A few good neighborhood watch volunteers to patrol America’s predominately white neighborhoods that lie in proximately close enough to black neighborhoods or neighborhoods of other ethnicities other than white for the predominately white neighborhood residents to be concerned.
Must be more than willing to not only want to work for free but dogmatic enough to insist on working for free.
Must have pathologically low self esteem, an inferiority complex, and various other unnamed complexes.
Must have a huge chip on your shoulder with something to prove.
Must have worn a uniform at least once in your life, i.e., cub scouts, boy scouts, the military (preference given to ex-military who washed out after six months who now belongs to a local state militia).
Must work or have worked as a security guard (preference given to those who work graveyard shifts and weekends).
Must have been maliciously bullied in school from sixth grade to at least your junior year in high school and have documentation to prove it.
Must have been cruel to small animals as a child (preference given to those who still do it).
Must have not had sex till at least your late 20′s with preference given to those who have never had sex except with one’s hand (right and/or left).
Must have spent a lifetime intrigued by authority and, in fact, fearful of it.

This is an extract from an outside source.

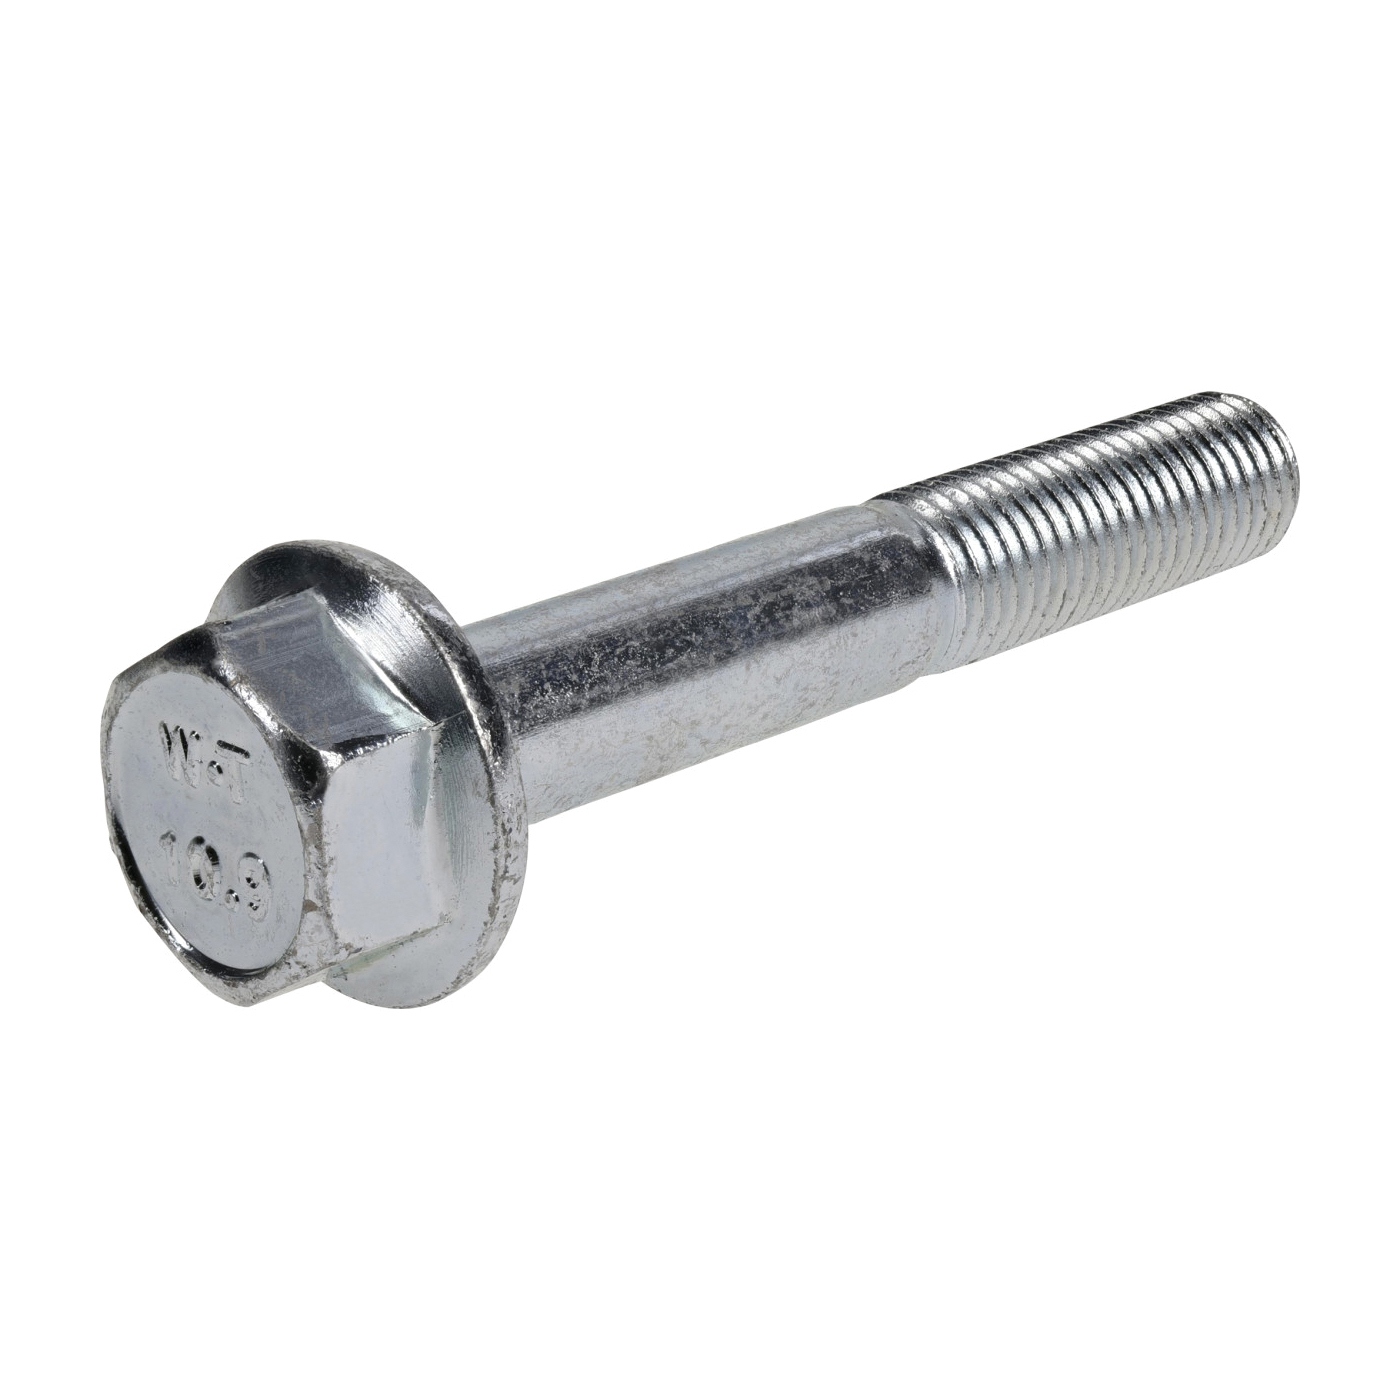 881022 Hex Bolt, 1/2 in Thread, 2 in OAL, 5 Grade, Steel, Zinc-Plated, SAE Measuring, Coarse Thread
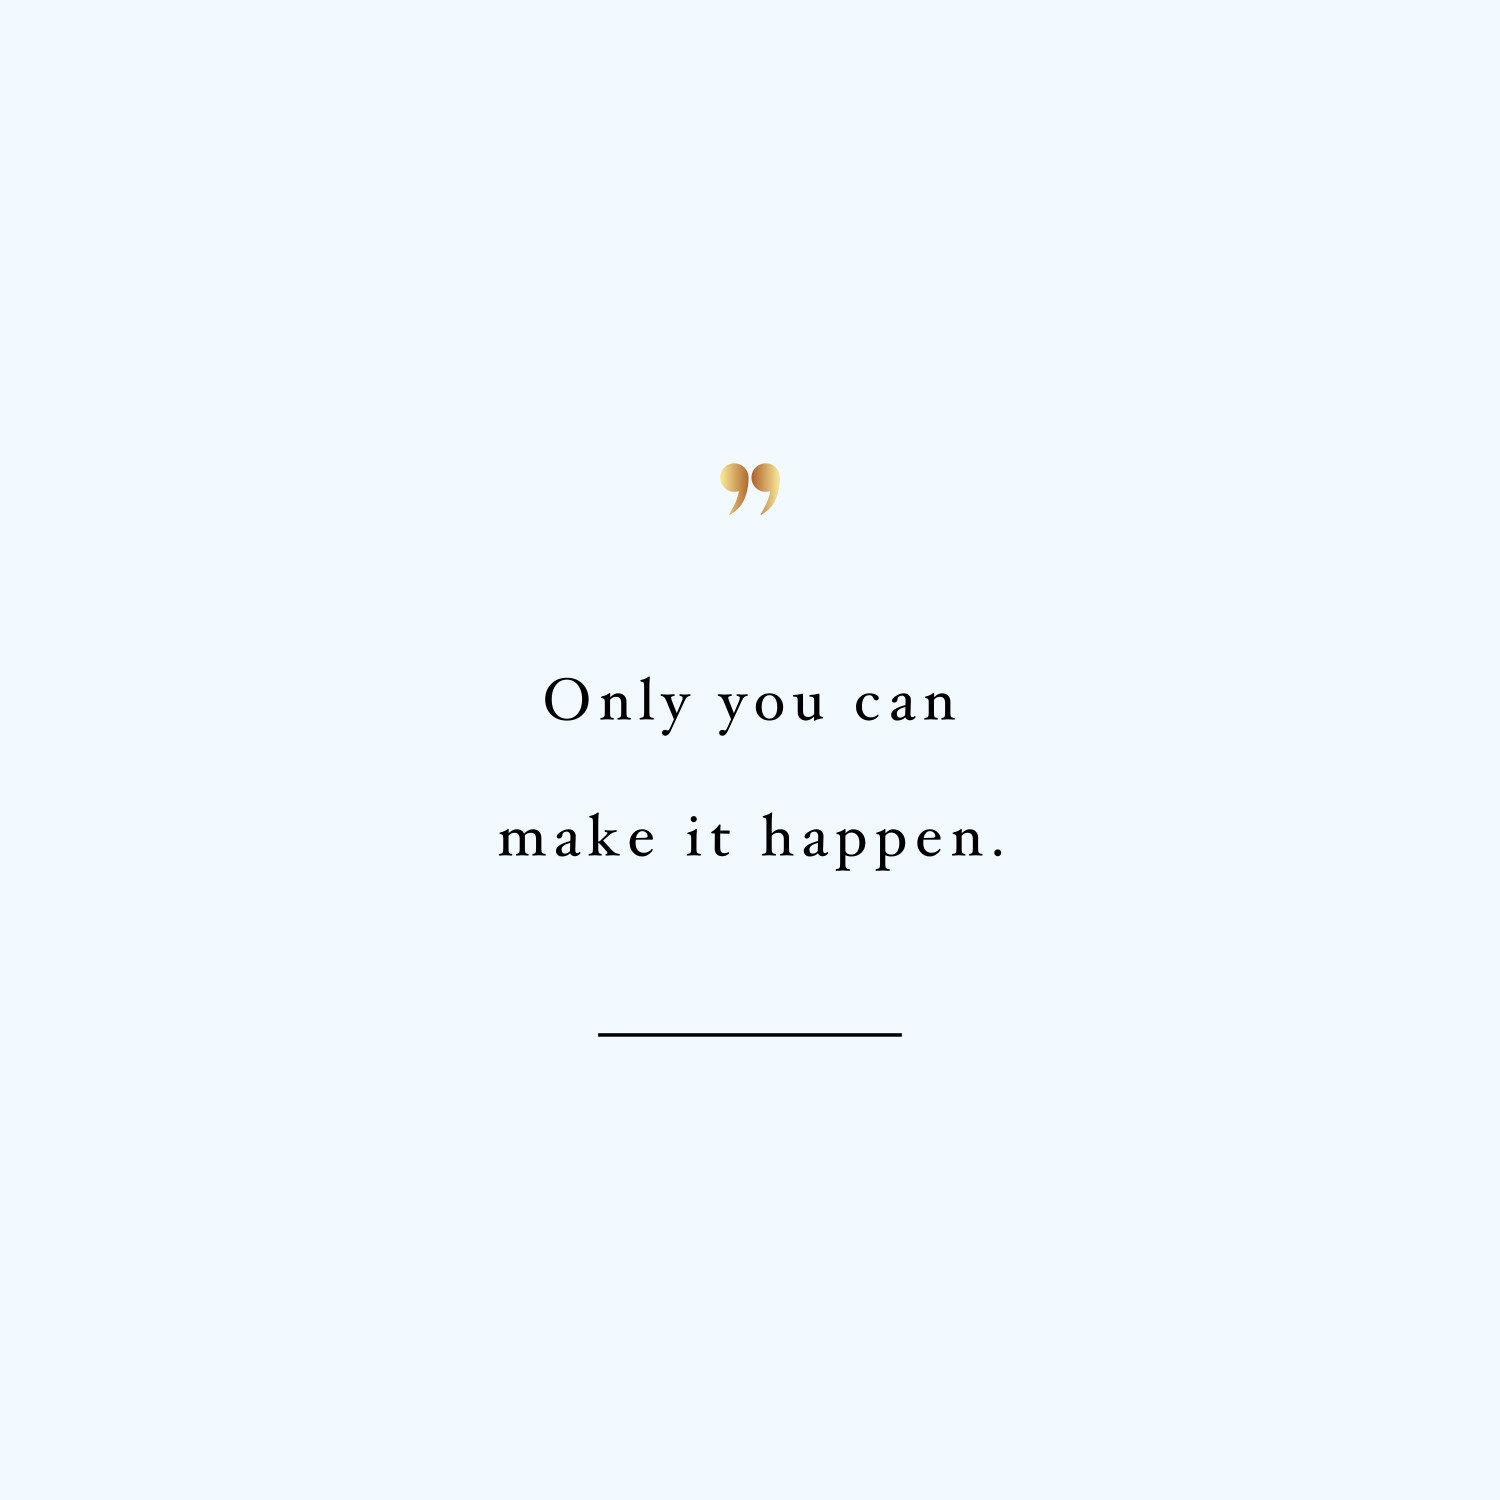 Only you! Browse our collection of motivational health and fitness quotes and get instant exercise and training inspiration. Transform positive thoughts into positive actions and get fit, healthy and happy! https://www.spotebi.com/workout-motivation/only-you-exercise-and-training-inspiration/

Your favorite movies must be ”Taxi Driver”, “Death Wish”, and “Walking Tall” (the original with Joe Don Baker…not the remake with The Rock).
Must own the entire DVD set of the “24″ series.
Must have applied to be a police officer and rejected at least 54 times until the department’s HR office actually called you directly to tell you to please stop applying.
Must pack heat everywhere you go even to the toilet (you never know who might come in).
Must be someone who’s pissed off at the way that person is looking at you wherever you are are day or night even if no one is really looking at you.
Must subscribe to at least six gun magazines with preference to those who subscribe to “Soldier of Fortune”.
Must have 9-1-1 at the top of your speed-dial list
Must be fat, a pasty doughboy, and have sociopathological tendencies.
Must be a U.S. citizen and must hate black people.
Please apply in person with two pieces of ID to the Neighborhood Watch Society of Sanford, Fl.